Pada jaman pendudukan Jepang di Indonesia, para pemuda aktif membangun gerakan bawah tanah dengan cara menyelundup ke dalam organisasi-organisasi bentukan Jepang seperti Heiho, Peta, Seinendan, Kaigun, Barisan Pelopor, bahkan juga menyusup ke Ken Pei Tai (Polisi Rahasia Jepang). Bentuk penyusupan mereka adalah dengan bekerja di lembaga-lembaga Jepang tersebut. Mereka yang bekerja di dalam diwajibkan menanam sel-sel yang akan menjadi tambahan kekuatan para pemuda selain juga untuk mendapatkan informasi tentang siapa yang akan ditangkap pleh Ken Pei Tai. Sementara mereka yang tidak menyusup, aktif merekrut para pemuda dengan mendatangi rumah-rumah atau tempat kerja mereka dan menyebarkan berbagai bacaan untuk menjadi bahan diskusi atau mendirikan organisasi antifasis di bawah tanah.

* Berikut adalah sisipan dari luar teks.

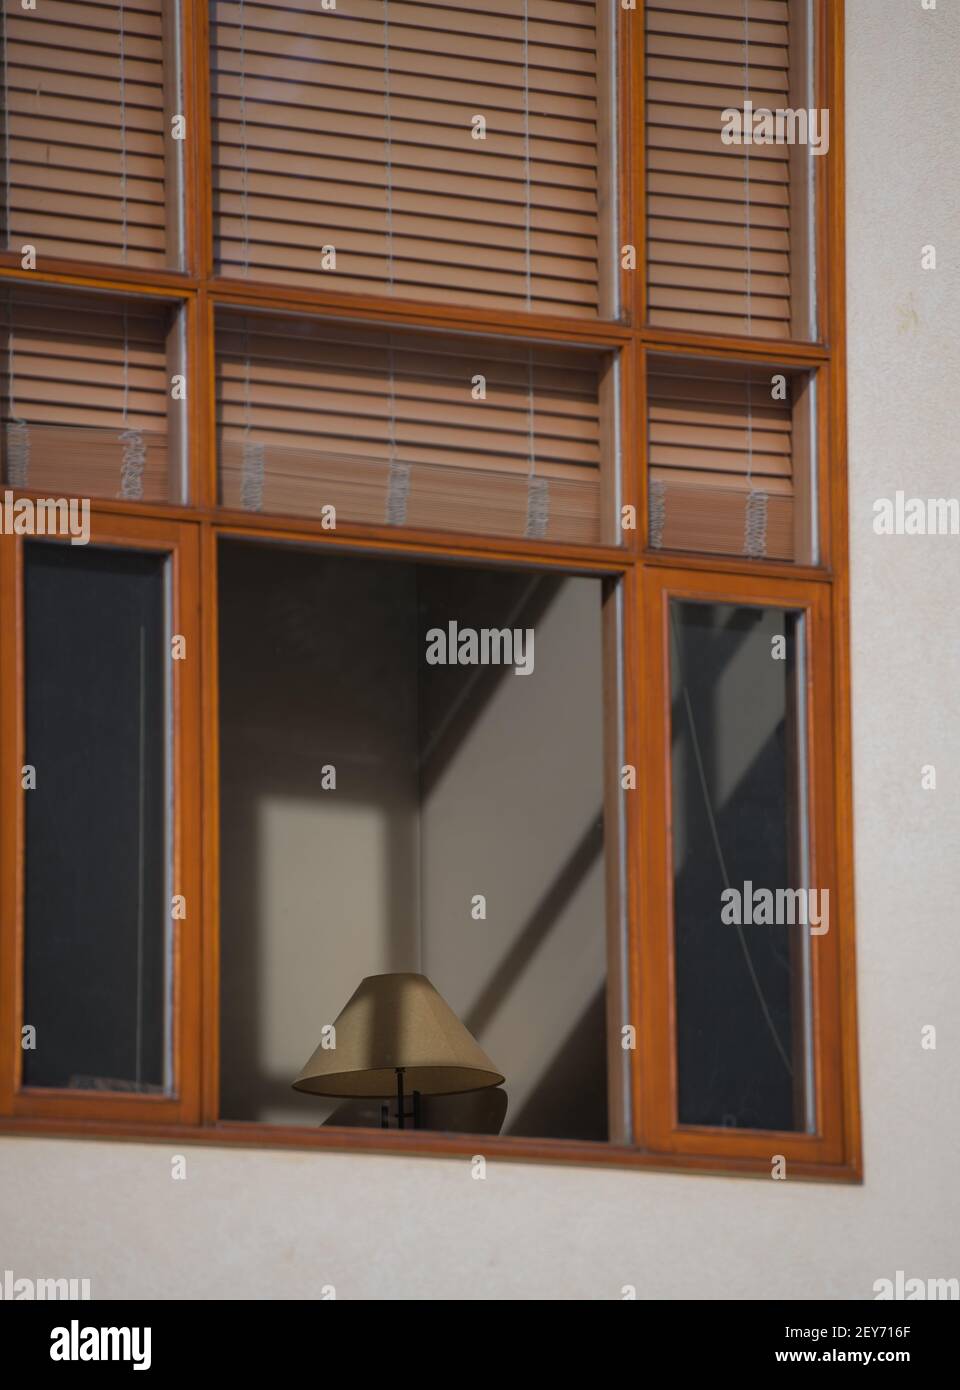 brown window blinds or shades blocking light coming through exterior wood framed home window light casting shadows on onterior wall sof home and lamp Stock Photo

Di wilayah Jakarta tercatat beberapa organisasi yang aktif menentang pemerintah fasis Jepang, yaitu Barisan Pemuda Gerindo-sayap pemuda dari Gerakan Rakyat Indonesia (Gerindo)-Gerakan Indonesia Merdeka (Gerindom), Barisan Angkatan Pemuda Indonesia (API), Barisan Buruh Indonesia, dan Barisan Rakyat (Bara) yang dibentuk setelah Proklamasi Kemerdekaan 17 Agustus 1945.
Selain organisasi-organisasi tersebut, para pemuda juga mendapatkan pendidikan politik di beberapa asrama, yaitu Asrama Angkatan Baru Indonesia di Menteng 31 yang dipimpin oleh Soekarni dan Chairoel Saleh serta Asrama Indonesia Merdeka dibawah pimpinan Wikana dengan dibantu oleh D.N. Aidit dan Samsudin. Asrama-asrama itu didirikan oleh Jepang dengan perantaraan beberapa pemimpin Indonesia seperti Soekarno, Moehammad Hatta, dan Soebardjo. Meskipun didirikan oleh Jepang, namun asrama itu juga menjadi tempat memberikan pelajaran politik antifasis sehingga bagaimanapun kerasnya usaha para pembesar Jepang mempengaruhi para pemuda, perlawanan berupa debat dan kritik terus menerus tetap ada.